Following the presentation of the Commission proposal for a new Directive on transparent and predictable working conditions in the EU-Parliament's Committee on Employment and Social Af-fairs on 22nd February 2018, this week (15th May) a public hearing took place with representatives of the European social partners. The Commission proposal, which, based on the revision of the current Written Statement Directive, provides for stricter information requirements as well as some new minimum standards in labour law, was generally welcomed by the European Trade Union Confederation and several MEPs — in spite of an existing need for improvement.
Wiebke Warneck, Senior Legal Advisor of the European Trade Union Confederation (ETUC), welcomed the Commission proposal as an important step towards the further implementation of the “European Pillar of Social Rights”. In particular, she regarded the planned extension of the scope of the directive to atypical and precarious employees important, as well as the deletion of the two-month deadline to submit the (minimum) information requirements by employers as progress. However, Warneck identified a significant need for improvement in respect of minimum labour law standards: For example, so-called zero-hour contracts had to be banned throughout the EU. She also recognised a need for improvement with regard to the liability issue concerning jobs in the platform economy. With regard to working hours, the establishment of a non-regression clause should help to prevent any deterioration. Warneck appealed to the policy makers to finalise the Directive as soon as possible; definitely before the end of the legislative period in May 2019.
In contrast, the present representatives of Business Europe and the Austrian Federal Economic Chamber regarded the proposal as going too far. Nils Trampe (Business Europe) criticised the lack of practical relevance: for example, the cancellation of the two-month information period after taking up a job would contradict the usual procedure to renegotiate contracts during the first working weeks. The Directive would predominantly concern European skilled workers, which is why the migration or outsourcing by companies with a high need for skilled workers might be on the cards. Rudolf Gleißner of the Austrian Federal Economic Chamber (WKÖ) recognised serious legal deficiencies in the Directive proposal: the provided for wide definition of worker at EU level would mean a massive intervention in national law, with inestimable consequences; for example, in the case when national and supranational definitions of worker “collide”.
On the part of MEPs - within the framework of the hearing - a majority of the speakers came out in favour of resharpening the Commission proposal. Agnes Jongerius (S&D) for example - looking at the criticism by the economic side - pointed out that the wide definition of the term worker in the Directive proposal would already be in accordance with the current jurisprudence of the European Court of Justice (ECJ). Thomas Mann (EPP) demanded - within the meaning of the Pillar of Social Rights - to create a European “minimum corridor” for working conditions. He regarded dismissal protection as the most important point of the Directive. However, Enrique Calvet Chambon, EP rapporteur and member of the ALDE faction, also emphasised the difficulties in writing the EP opinion on the Directive, as there – in his point of view – there was a broad spectrum of positions.

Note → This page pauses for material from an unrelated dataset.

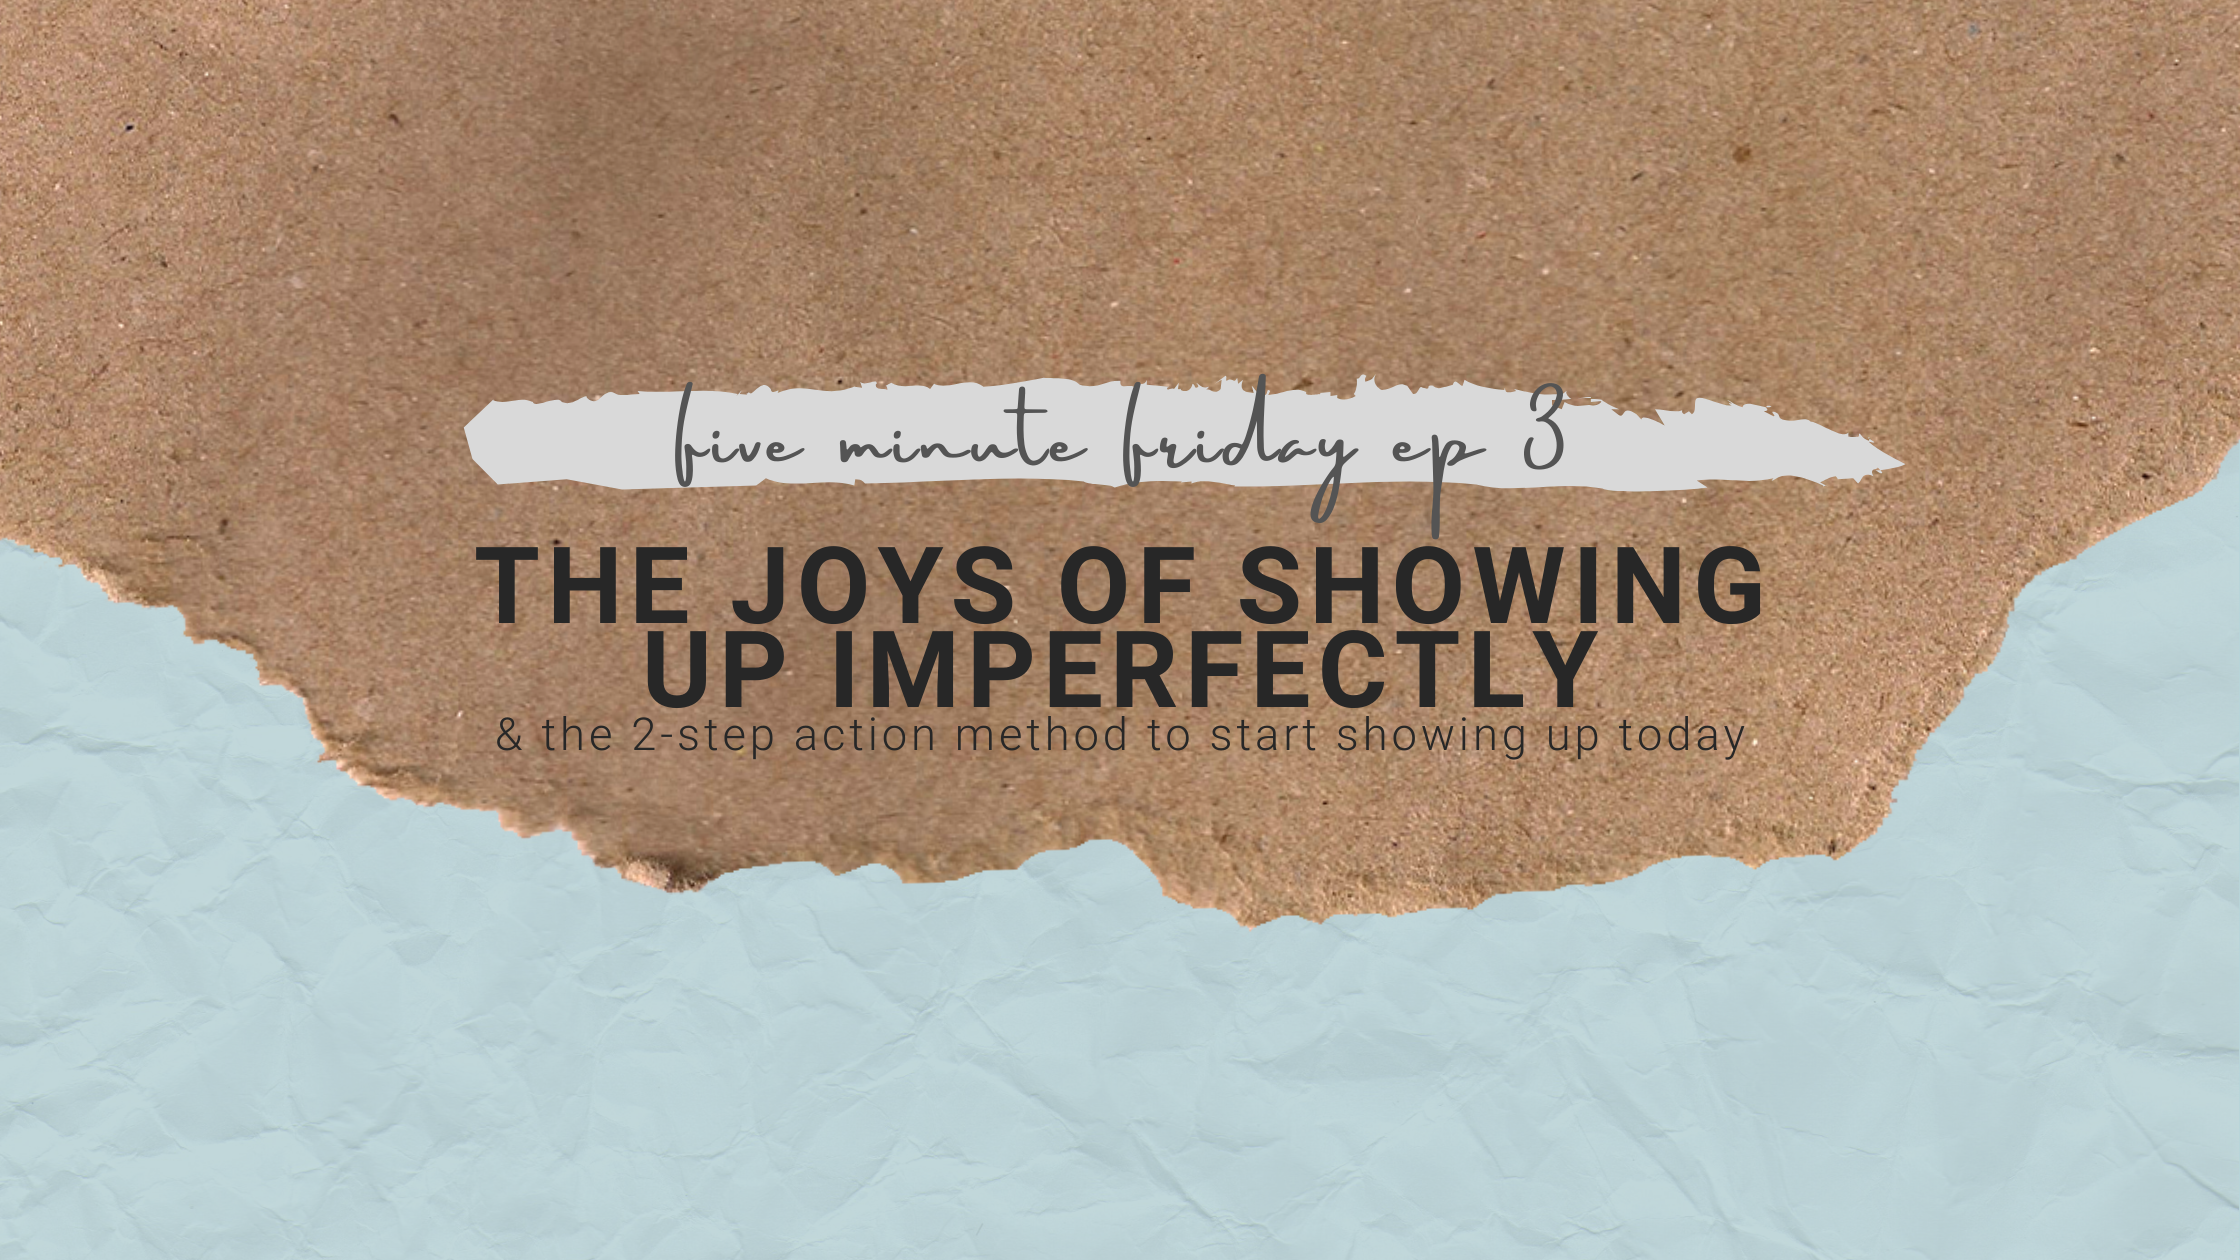 You are currently viewing They joy of showing up imperfectly – Five Minute Friday Ep 3

Position of the Chamber of Labour
Just like the European Trade Union Confederation, the Chamber of Labour also welcomes the expansion of information requirements, the definition or worker, which also covers jobs, which so far have not been included in the Written Statement Directive, fewer exceptions from the scope of application as well as improved legal enforcement mechanisms.
Nevertheless from AK's point of view, the provided for level of protection for employees is overall not ambitious enough. For example, a maximum duration of a probationary period of six months is far too high. The minimum standard for free further training only refers to employers in respect of the obligatory sector of further training. And an entitlement to receive a reply to the request of another form of employment can hardly be regarded as a strong social right. In addition, the regulations for the minimum planning capability of work in its current form would restrict the admissibility of work on call - including so-called zero-hour contracts; however, it would implicitly legitimise these at European level. What is really needed is a general EU-wide ban of work on demand.